Голос ее был глуховат, но в то же время тонок и неестественно однотонен. Словно бы она читала по написанному.

– Он в доме?

– Дмитрий Федорович просили передать, что они в доме не будут находиться, а ожидают вас в саду.

– В саду?

– Именно, в саду, в беседке, и сказали, что очень удивлены, что старой беседки не обнаружили по существованию.

– Ты это, Лиза… Скажи, никто не приходил в дом за время моего отсутствия? Может, посыльный от кого-нибудь?

– Я намеренно не видела.

– Хорошо…

Алеша еще чуть потоптался в нерешительности. На самом деле он волновался, успела ли Катерина Ивановна привести свою угрозу в исполнение. Скорее всего, еще нет, но могла сделать это в самое ближайшее время.

– Ты это, Лиза… Если будешь еще в саду… Если кто придет – посыльный там от кого-нибудь, с запиской для кого-то – для меня ли или там мамы – дай мне знать, пока мы с Дмитрием Федоровичем будем в беседке… беседовать.

На лице у Лизки проявилась опять как бы странная полуулыбочка с оттенком презрения – словно бы она догадывалась о чем-то.
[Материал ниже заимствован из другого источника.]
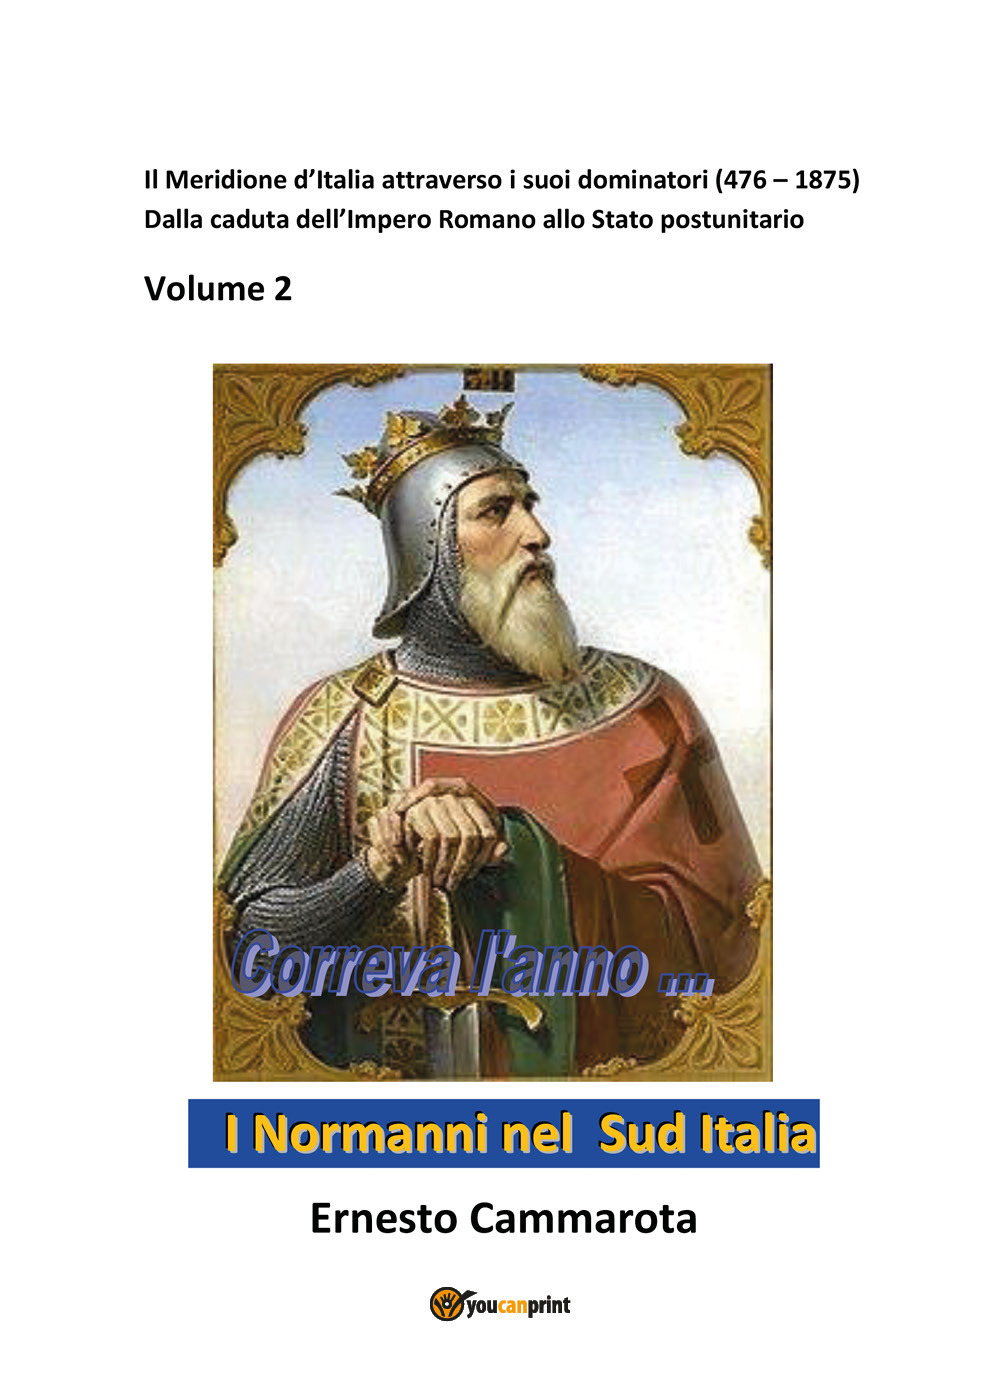 I Normanni nel sud Italia. Vol. 2: Il Meridione d'Italia attraverso i suoi dominatori (476-1875). Dalla caduta dell'Impero romano allo Stato postunitario

– Вот, Лиза… – Алеша хотел еще что-то добавить, но не найдя слов, кликнул Шьена и поспешил за ним в беседку. Кстати, по поводу Лизы, Лизки и других обращений, принятых в их семье. Алеша с Lise попытались было, как только взяли девочку к себе в семью, отучить ее от этого «низкого» обращения «Лизка», которым ее все семь лет кликали Григорий, Марфа Игнатьевна, да и остальные. (Удивительно, как быстро все привыкали к этому обращению – оно словно намертво приставало к тем, кто к ней хоть раз так обратился.) Но не тут-то было. Девочка упорно игнорировала другие, более «благородные» формы имени – Елизавета, «Лизон» или даже просто «Лиза». Она делала вид, что их не слышит. Но через несколько лет упорной взаимообоюдной борьбы, когда даже Марфе Игнатьевне было запрещено называть ее «Лизкой», был достигнут некоторый компромисс. Она, как бы нехотя и вынужденно, но все-таки стала отзываться на «Лиза», но только от своих приемных родителей – Алеши и Lise. Все остальные могли добиться ее внимания только в ответ на обращение «Лизка». Что до ее самой, то Lise и Алешу она на французский манер называла «maman» и «papa», но только, когда говорила о них в третьем лице. Когда они разговаривали друг с другом лицом к лицу, она никогда не удосуживалась использовать какие-нибудь обращения, сразу говоря, что ей нужно.

III

Митя. беседа в беседке

Новая беседка располагалась в саду на месте старой, только сам сад к этому времени значительно расширился. Соседний с карамазовским домик – читатели должны это помнить – принадлежал Марии Кондратьевне с ее матерью и, уезжая из города, они продали Алеше и Lise этот домик с садиком, – там и располагалась беседка, где в свое время Митя беседовал с Алешей и караулил Грушеньку. Забор между садами двух домов был снесен, сад объединен в единое целое, а в хибарке к настоящему времени проживал все тот же отставной солдат Фома, исполнявший обязанности садовника и ночного сторожа – т.е. работу, которая раньше лежала на плечах Григория. Старая беседка совсем развалилась от ветхости, и несколько лет назад Алеша нанял артель плотников, которая под руководством Lise и соорудила новую беседку в «восточном стиле». Она по периметру состояла из тонких резных колоночек, которые вверху объединялись ажурной решетчатой резьбой, напоминающей арабески. А сверху деревянной крыши еще и конек в виде полумесяца. В центре беседки теперь был круглый столик, а мягкие и довольно низкие, оббитые кожей лавочки напоминали турецкие диваны. Видимо, для Дмитрия Федоровича они в виду своей невысокости представляли неудобство, поэтому он сидел не на них, а прямо на деревянной периле, идущей по кругу всей беседки. На голове у него белела залепленная пластырем платка.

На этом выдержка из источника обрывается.